Note: When loading an activity template, it will update the lighting schedule.
For the proposed building design, where no heating or cooling systems exist or have been specified, the heating or cooling systems shall be identical to the systems modelled in the baseline building design.
Baseline DX Cooling Coil Efficiency Input
From the ASHRAE 90.1 Standard, all HVAC equipment in the baseline building design shall be modelled at the minimum efficiency levels, both part load and full load. The efficiency rating that includes the supply fan energy shall be adjusted to remove the supply fan energy so that supply fan energy can be modelled separately. To help meet this requirement, for baseline systems that use DX cooling coils, i.e., systems #1 through #6, the COP input can be calculated using a simple ASHRAE COP calculation tool.
You can download the COP calculation tool from our website. Thanks to Germán Campos from Ecoeficiente for providing it!

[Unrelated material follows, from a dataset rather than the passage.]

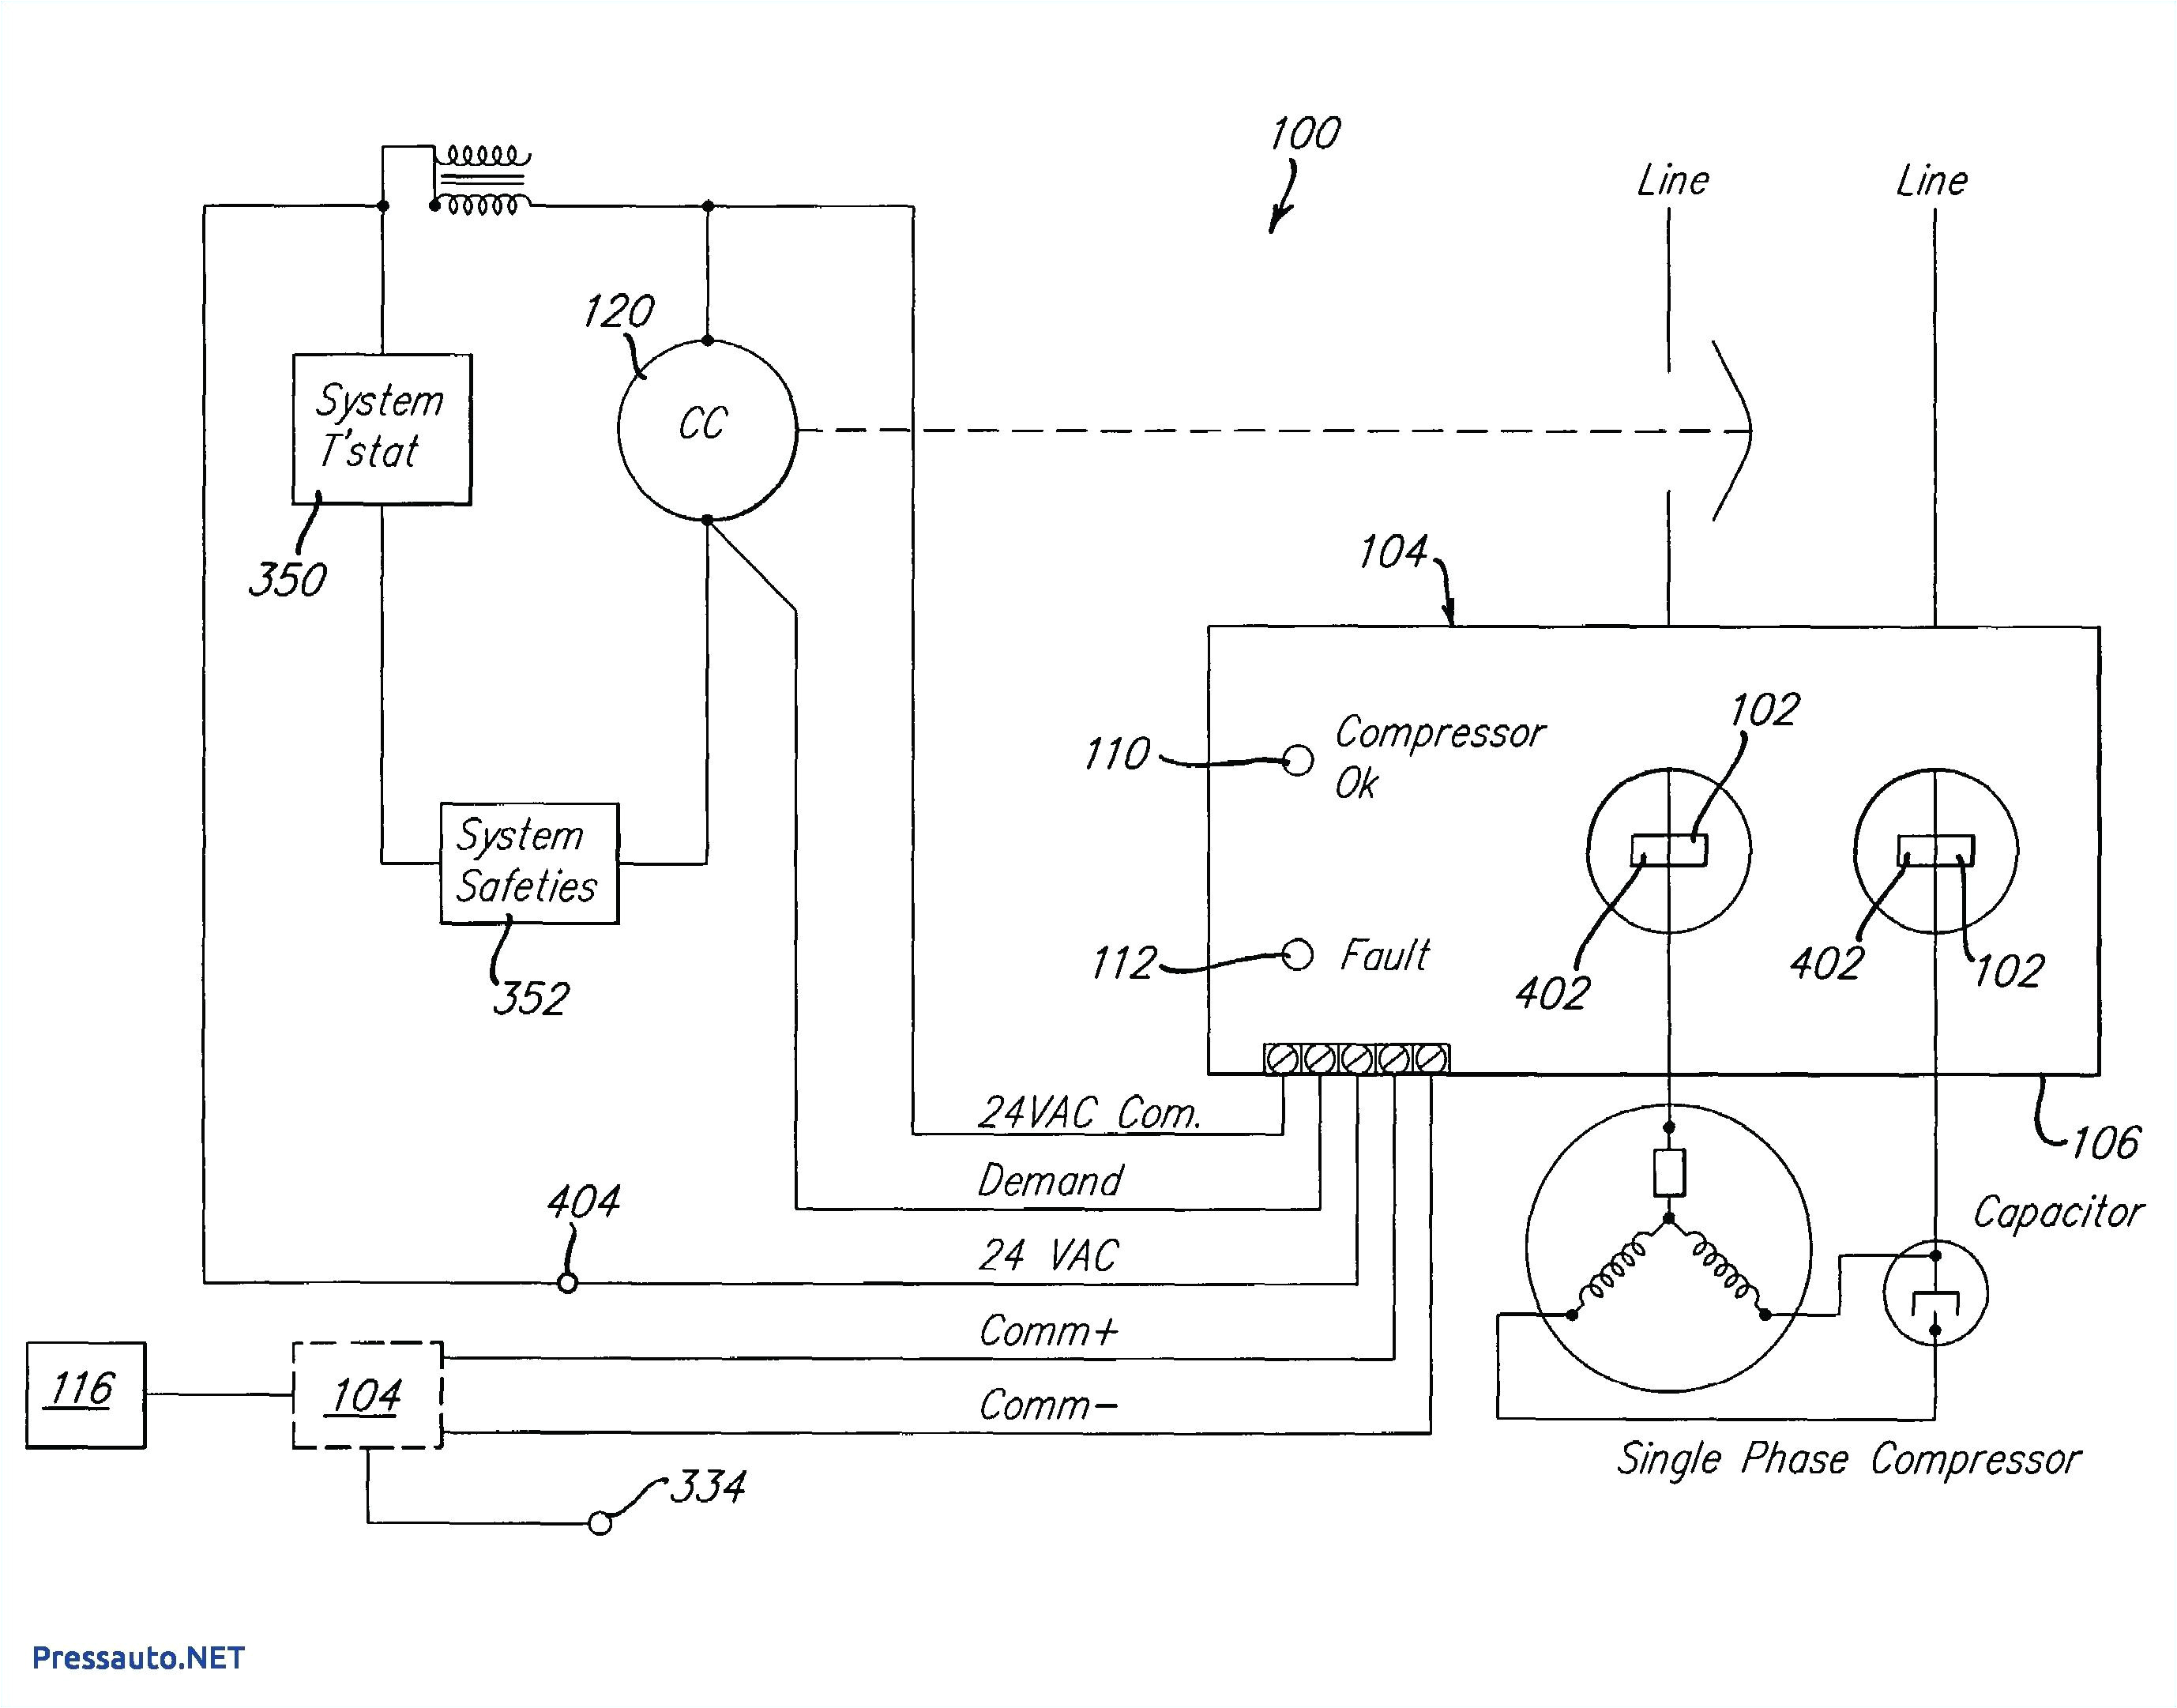 whirlpool refrigerator schematic diagram gb22dkxjw01 wiring diagramwhirlpool refrigerator schematic diagram gb22dkxjw01 wiringwhirlpool refrigerator wiring

Note: The calculation requires a sizing run as the cooling capacity is a mandatory input to the program.
EnergyPlus provides a "LEED Summary" report which is displayed on the Summary tab after the simulation if the appropriate option is checked on the Output tab of the Simulation options dialog under the Summary Tables header.
To convert a standard EnergyPlus model to be treated as a proposed building go to the Regions tab at site level and set the Mandatory energy code to one of the ASHRAE 90.1 energy codes. You will be warned to check that the ASHRAE climate zone is correctly set. The default climate zone can be overridden at site level under the Location header.
"Unmet hours" of a building are the summation of the number of hours when the heating or the cooling set point temperature of a zone is not met either by the HVAC system or by the plant. The data is provided in the Summary report as:
When each zone is unmet in the specified hours as beside
Zone 1 unmet during hours: 6 8 14 16
Zone 2 unmet during hours: 6 8 12 16
Zone 3 unmet during hours: 7 8 12 13
Total number of unmet hours of the building: 7 hrs and not 12 hrs.
6 7 8 12 13 14 16
The above information on Unmet hours is sourced from a post by Ashu Gupta (and subsequent posts) on the bldg-sim mailing list.
Possible causes of unmet load hours are as follows:
Undersized HVAC Equipment.
Improper temperature setpoints.
Inaccurate internal load calculations.
Incorrect zone sizing.
Incorrect system sizing.
Incorrect control of HVAC components (e.g. SPM type).
Low performance envelope.
Using weather data that does not represent typical conditions or does not account for climate variations.
Incorrect modelling of Air Distribution Units.
Improper AHU and zone OA / supply airflow rates.
To help identify and fix the issue, the following checks can be made:
Check design temperature for each plant loop.
Check the operational temperature in the plant loop’s SPM.
Check the operational temperature in the air loop's SPM.
Check airside economisers configuration.
Check HVAC operation schedules (e.g. make sure that zone thermostat schedules agree with schedules of HVAC system operation).
Check whether the zone is supplied with enough cold/warm airflow.
Check the weather file for hot/cold periods that are more extreme than the design day conditions.
Check whether the performance curves of an equipment (HP,VRF, coil) are reducing the available capacity.